There [are] certain investment products that you can’t actually find out what the debt is wrapped up in because it’s in another country, it’s obscure, it’s hidden, they’re not telling you. So no, you’re rarely to blame if they lose your money.

HuffPost:But is that always the case? Don’t some investors share the same motivation as financial fraudsters -- the desire to get rich quick?

Livesey: The mantra -- if you talk to people in the investment industry -- is that the investors just want to make too much money, and they’re blinded by greed. I don’t doubt that that happens, but what I’ve seen a lot of is, as it’s become more difficult for your average person to make ends meet, and especially when you deal with seniors who are no longer earning a salary, they need to make money from their investments, and it becomes an incentive to do stupid things.

The industry knows that, and they’ve taken advantage of that desperation.

That’s been a big source of a lot of the tragedies in recent years. Seniors have been sinking their money into stuff they shouldn’t be in the desperate hope of some return just to keep the lights on.

HuffPost:Are there any emerging areas of financial fraud in Canada that you are worried about?

Livesey: China is a huge issue. They’re getting their companies listed on our capital markets to raise money, as we’ve seen with Sino-Forest, and we’re seeing now with a number of these Chinese companies. We have no clue whether those companies really are what they say they are. It’s really hard to check because China is a really long way from us.

Billions were lost last year because people were realizing that these Chinese companies they were investing in might just be Potemkin villages. That’s sort of the next huge potential area of stock market scams.

HuffPost:What would it take to clean up Canada’s financial industry?

Livesey: The regulatory issue is huge. If you removed the police force from Toronto, you would see a lot of shit happen. The same thing basically exists in the financial industry, where you don’t have a police force, so they do a lot of evil as a result. In Canada, we have one of the most, if not the most, abysmal regulatory system in the developed world.

We need a national securities regulator. That’s long overdue. We should have tougher penalties on investment fraud, we should be sending more people to jail and make it more of a criminal thing. Because in Canada we have this tendency -- we hit people with securities violations, which are clearly cases of fraud, but we don’t criminally prosecute them.

A huge thing would be splitting the brokerage houses off from the banks. This was one of the wise things that came out of the Great Depression, separating the banking industry from the trading industry. That led to 50 years of stability, if not more.

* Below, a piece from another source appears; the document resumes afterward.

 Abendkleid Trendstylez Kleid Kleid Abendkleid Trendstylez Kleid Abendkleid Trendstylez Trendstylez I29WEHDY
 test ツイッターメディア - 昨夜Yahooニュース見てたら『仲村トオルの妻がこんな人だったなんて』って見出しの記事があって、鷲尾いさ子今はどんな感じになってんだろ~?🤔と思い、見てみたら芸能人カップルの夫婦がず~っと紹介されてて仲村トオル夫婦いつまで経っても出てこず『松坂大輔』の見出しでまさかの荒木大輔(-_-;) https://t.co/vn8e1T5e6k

I was when they allowed banks to get into the brokerage industry that its really gone down the crapper.

[Editor’s note: The U.S. is about to implement legislation, known as the Volcker Rule, to do exactly this. Canada’s financial sector and Finance Ministry have been among the most vocal critics of the plan.]

HuffPost:In the book, you say that the chances of sweeping regulatory changes are slim. So what advice would you give to Canadians? Should we put our money under our mattresses?

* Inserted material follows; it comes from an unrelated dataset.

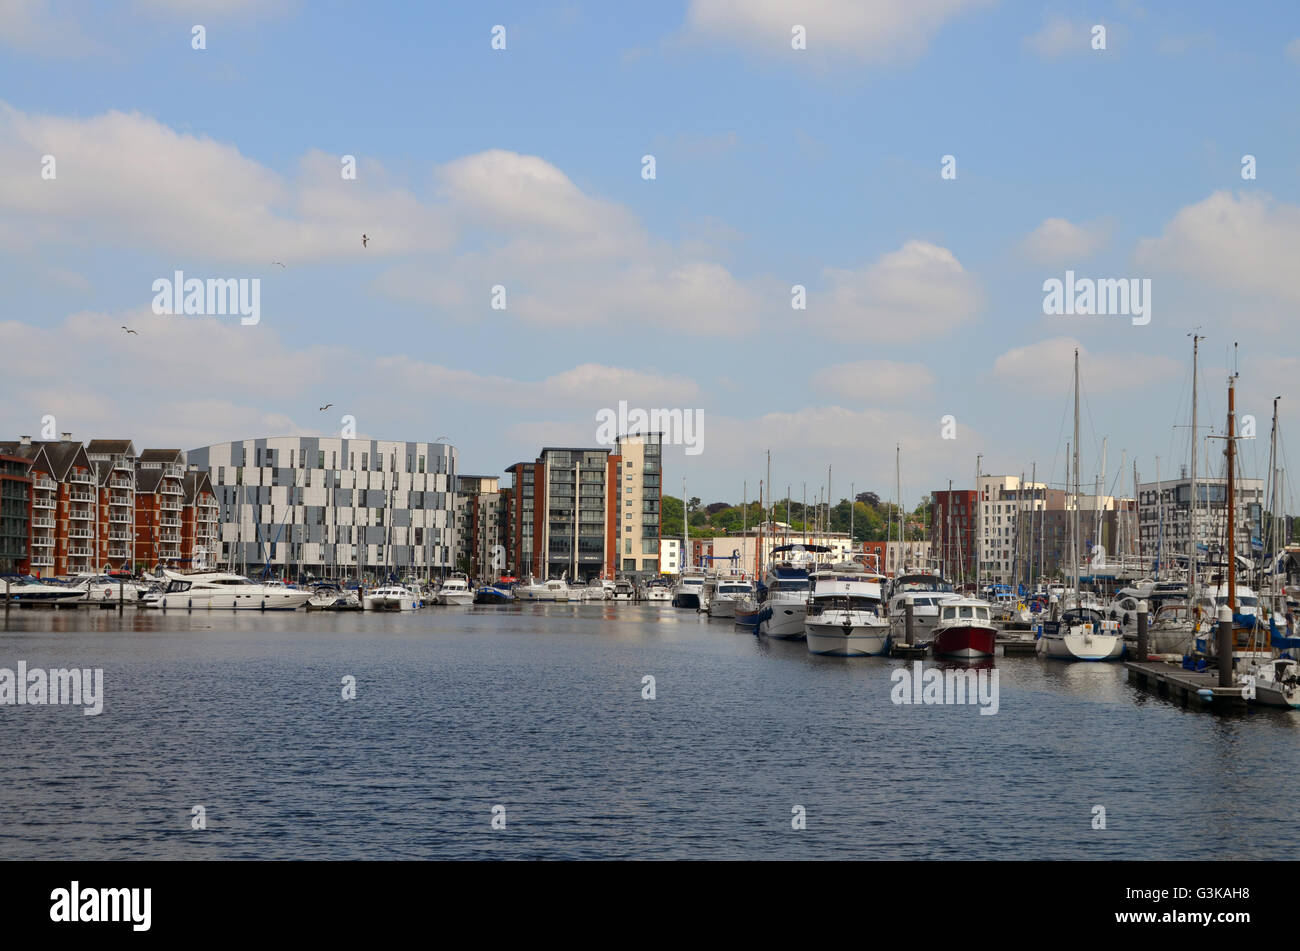 Waterfront, Ipswich docks, Suffolk 2016 - Stock Image

Livesey: Well I don’t put my money in the markets, that’s for sure.

Between now and whenever the industry is reformed, can you trust the industry? The answer is no, but that doesn’t mean that you can’t invest wisely and find people who can invest your money wisely. But it’s hard because the whole system is incentive-based, [it’s] designed to keep your money in play in the markets, and as the market tanks, so be it. The system is not designed to help you and make you money. That sort of happens almost by accident.

My mother is now in a nursing home and we have been dealing with her finances, and we’ve just been really diligent about asking all sorts of questions and that’s helped enormously, not only in our own understanding but in terms of keeping the financial adviser on her toes. She knows not to screw with us because we are actually being very critical of any advice she gives.

I think that’s really the best you can do -- ask the right questions and if you don’t understand it, don’t put your money in it.